#
C2 Deep Learning
Deep learning is a class of machine learning algorithms that uses multiple stacked layers of processing units to learn high-level representations from unstructured data.
#
Data for DL
There are mainly 2 types of data
- Structured - Tabular data as input, arranged into columns of features that describe each observation.
- Unstructured
- Data that is not naturally arranged into columns of features, such as images, audio, and text.
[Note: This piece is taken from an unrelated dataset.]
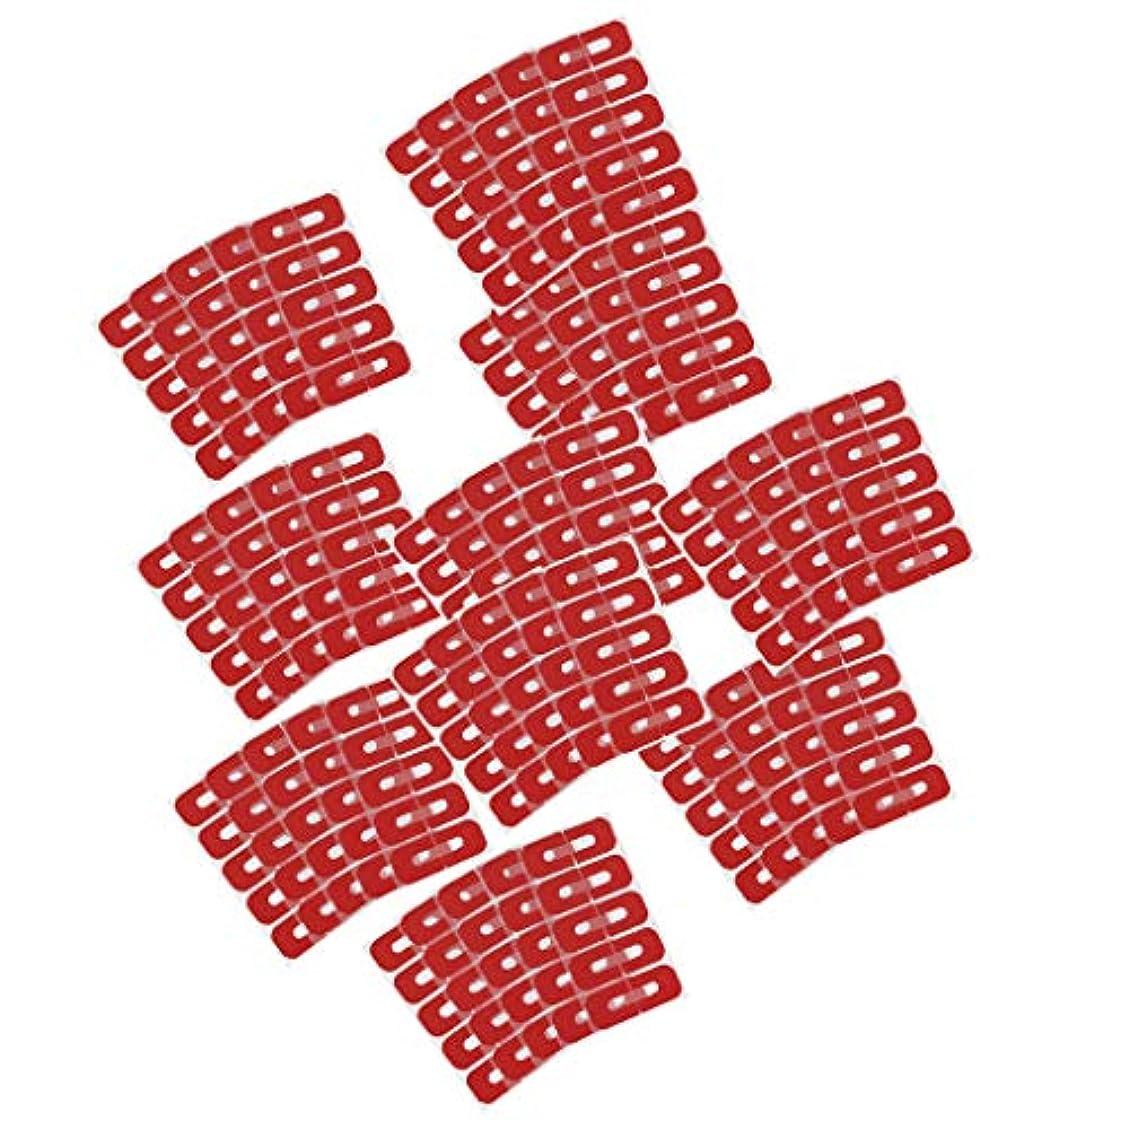 懇願するオークションフェデレーション50個剥離テープネイルアート流出防止スキンバリアポリッシュプロテクターカバー

- Individual pixels/characters/etc are uninformative. The granularity of the data combined with the high degree of spatial dependence destroys the concept of the pixel or character as an informative feature in its own right.
- A deep learning model, on the other hand, can learn how to build high-level informative features by itself, directly from the unstructured data whereas traditional models would fail to do so.
#
Deep NN
#
NN
- A neural network consists of a series of stacked layers. Each layer contains units that are connected to the previous layer’s units through a set of weights. The most common is a dense/fully connected layer (connect all units to every other)
- NN where all adjacent layers are fully connected - Multi layer perceptrons.
- The input is transformed by each layer in turn (forward pass through the network), until it reaches the output layer. Specifically, each unit applies a transformation to a weighted sum of its inputs and passes the output through to the subsequent layer. The final output layer is the culmination of this process.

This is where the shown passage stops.